Вспоминается, как мы таскали навоз на огород. Как таскали на плечах с огорода всё, что там наросло.
Глеб навьючивал себе мешки – страшно смотреть.
Сядет на пятки, надвинет, натянет на себя горой чувал и почти три километра вприбежку домой.
Меня он берёг.
Всегда давал мне, младшаку, нести меньше того, что я мог донести. Всё говорил: успеешь, натаскаешься, твой мешок от тебя сам не ускачет.
Как вспомнишь, какие мы, пацанята, нянчили чувалы, тошно становится.
Ни один тогдашний мешок я сейчас не то что унести – поднять не смогу.
И в детстве, и в юности Глеб был мне первым защитником. После школы мы с год вместе работали на одном заводишке. И тут, когда начальство накатывалось пробирать меня, между мной и начальством становился Глеб, и воспитательный приступ как-то сам собой глох.
А потом нас жизнь развела.
Газетная карусель кружила меня по стране.
Я дни считал, когда снова увижу своего Глебушку. Магнит его чистоты, участия всегда тянул к себе.

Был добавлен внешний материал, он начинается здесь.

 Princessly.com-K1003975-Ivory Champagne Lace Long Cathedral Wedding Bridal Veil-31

В каждый отпуск я был дома. Мы не могли наговориться. Глеб рассказывал о своей заочной учебе, о прочитанных книгах, об увиденных фильмах, о своих путешествиях…
И вдруг ровным счётом ничего из всего этого.

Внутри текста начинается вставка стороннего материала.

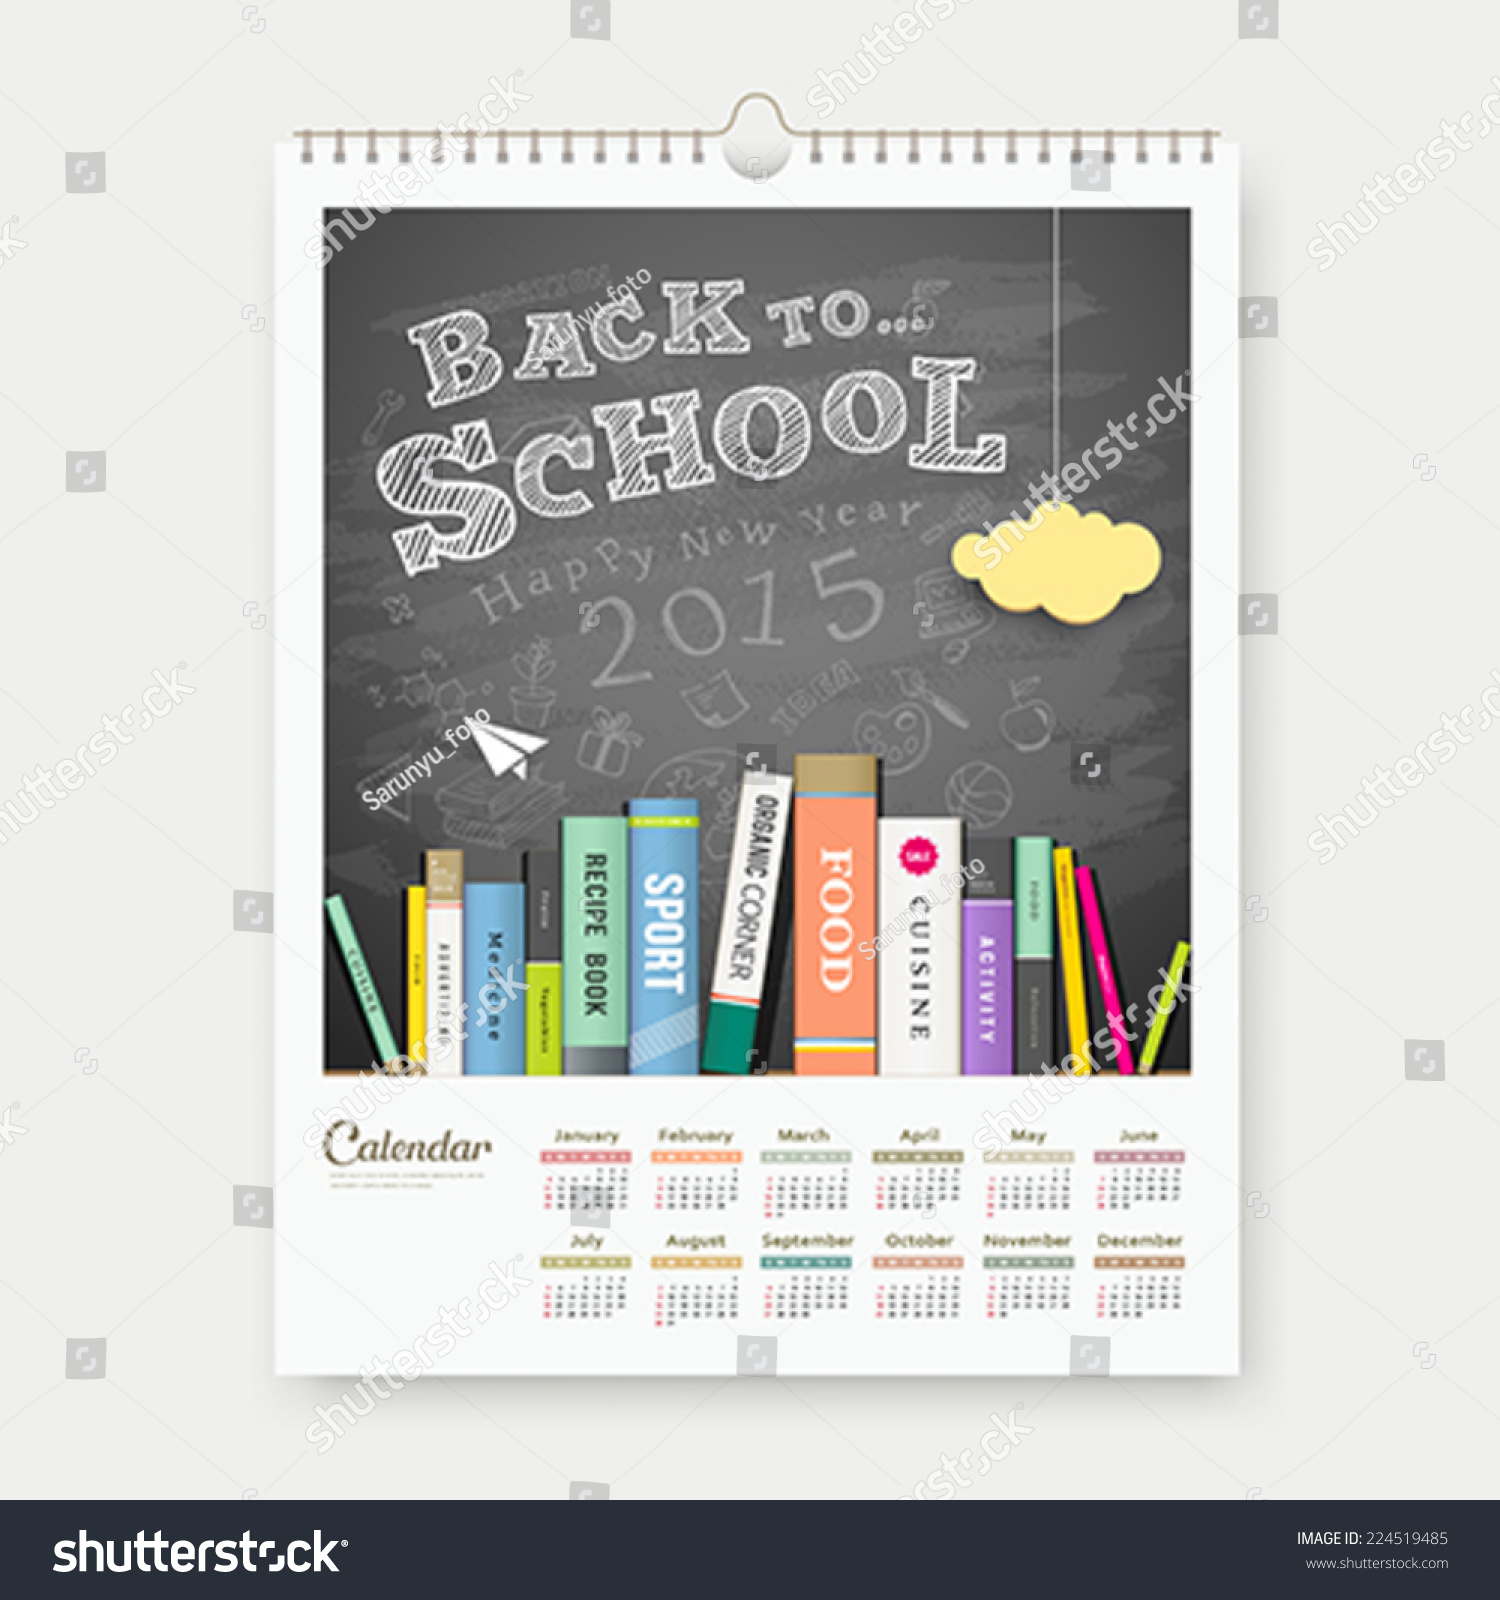 Calendar Design Concept : Calendar back to school with books concept design

Рос человек, казалось, в счастье шёл в гору и будто смерчем сорвало, сошвырнуло в гибельную пропасть. Должно быть, произошло что-то страшное, если вот так вдруг выпал он из жизни, как голый птенец из гнезда, и уже безо всякого к ней интереса, пусто изводил дни свои. Отчего же вот так враз сварился парень, которому не было ещё и двадцати пяти?

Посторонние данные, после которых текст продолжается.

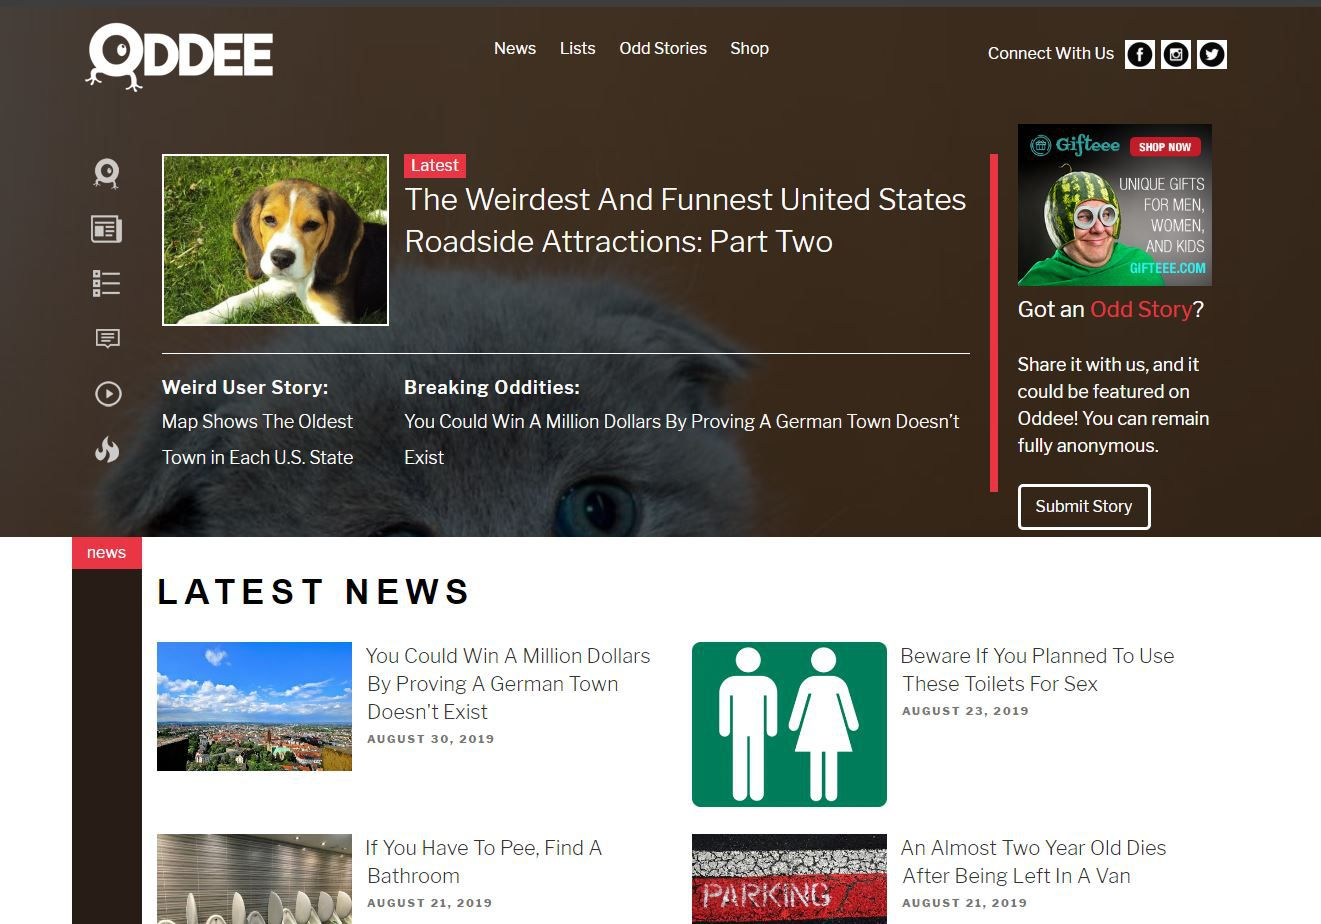 Oddee website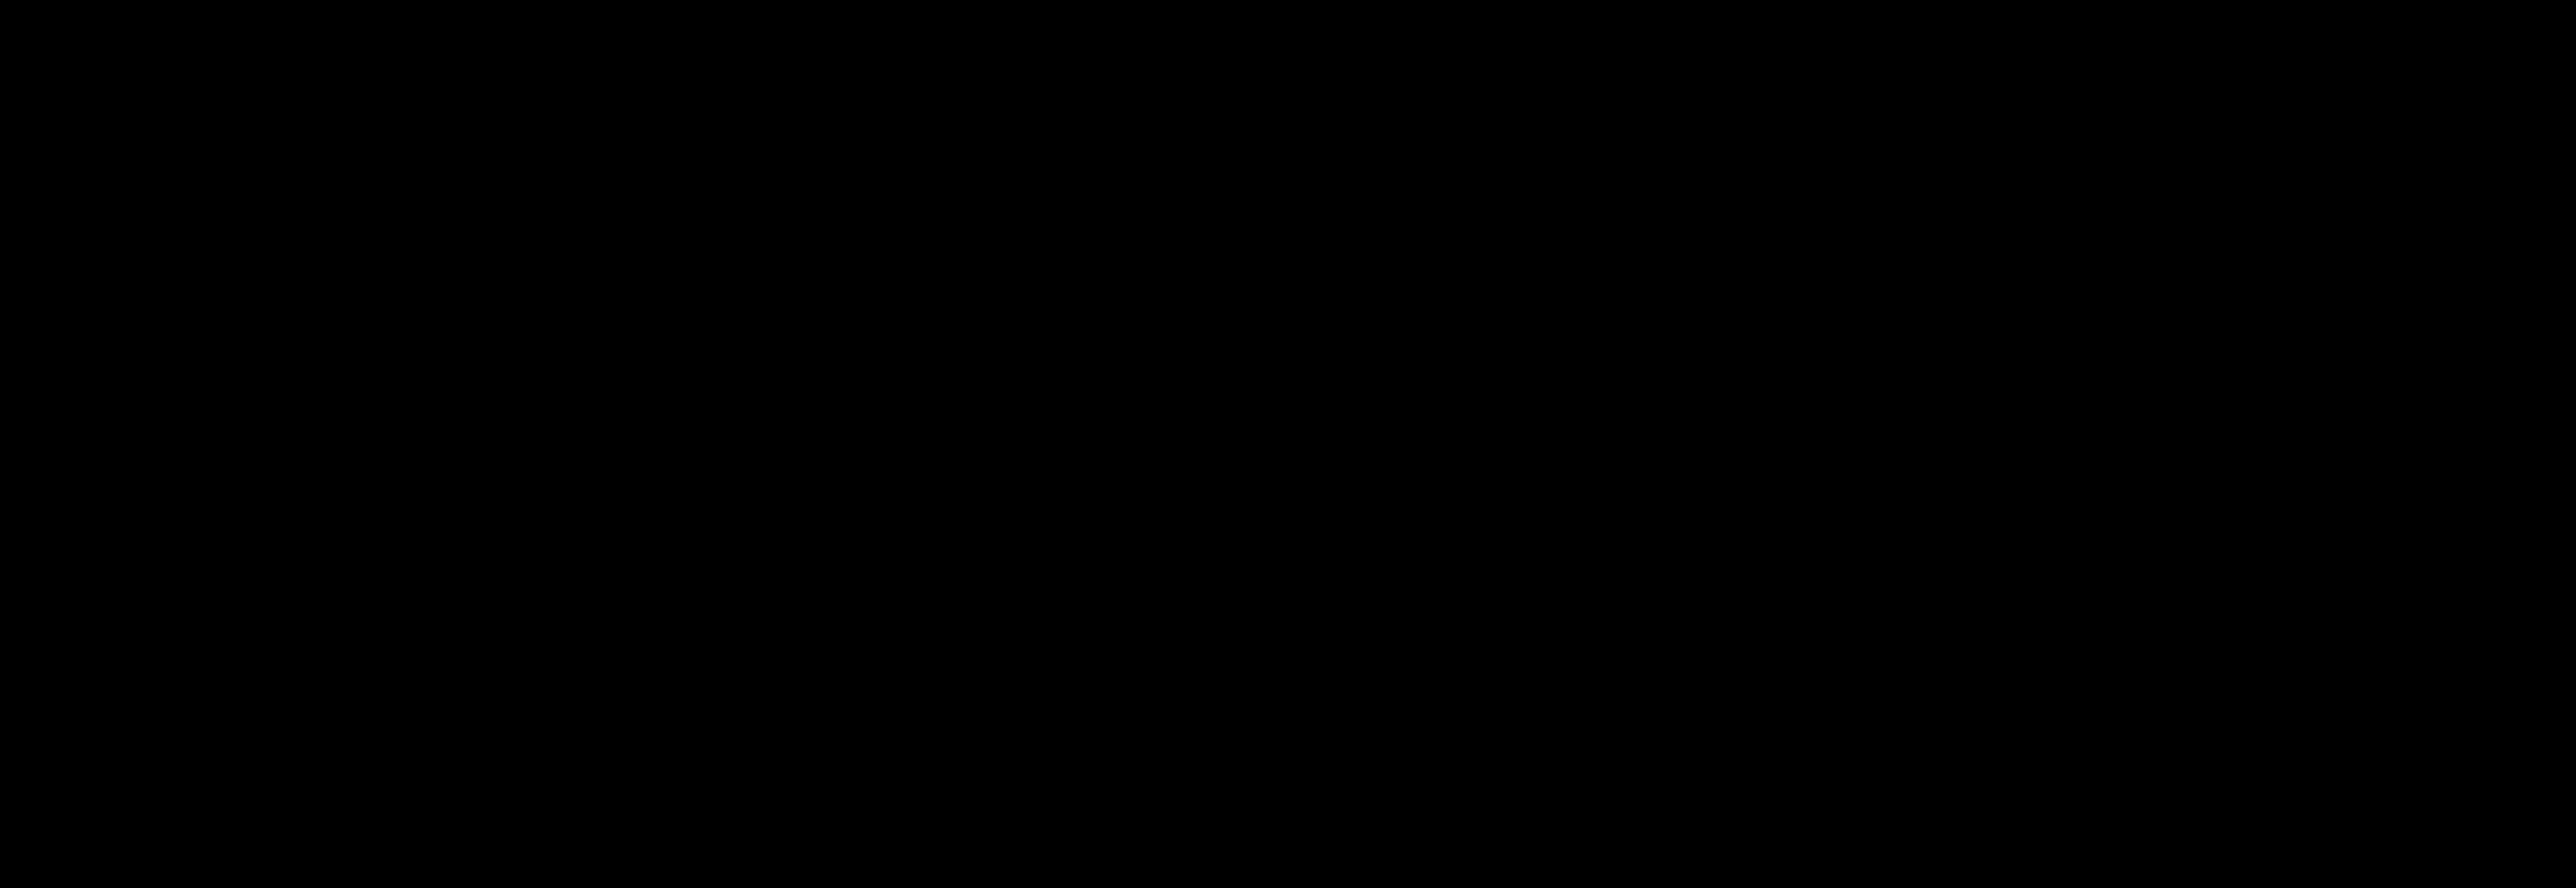 407-4071827_logo-black-png

Не однажды подтирался я к нему с зыбкими полурасспросами.
Грустно улыбаясь, как улыбаются малешке, когда тот затевает что-нибудь не по детскому разуму серьёзное, Глеб похлопывал меня по плечу и уклончиво выворачивался из разговора.
Но сейчас, стоя перед печкой на коленях, он с пьяных глаз вывалил то, что прежде так скрывал.
Оказывается, в его контрах с женщинами была виновата… женщина.
Я не стану её называть.
Я видел её всего лишь раз.
В тот день я приехал в Гнилушу в свой очередной отпуск.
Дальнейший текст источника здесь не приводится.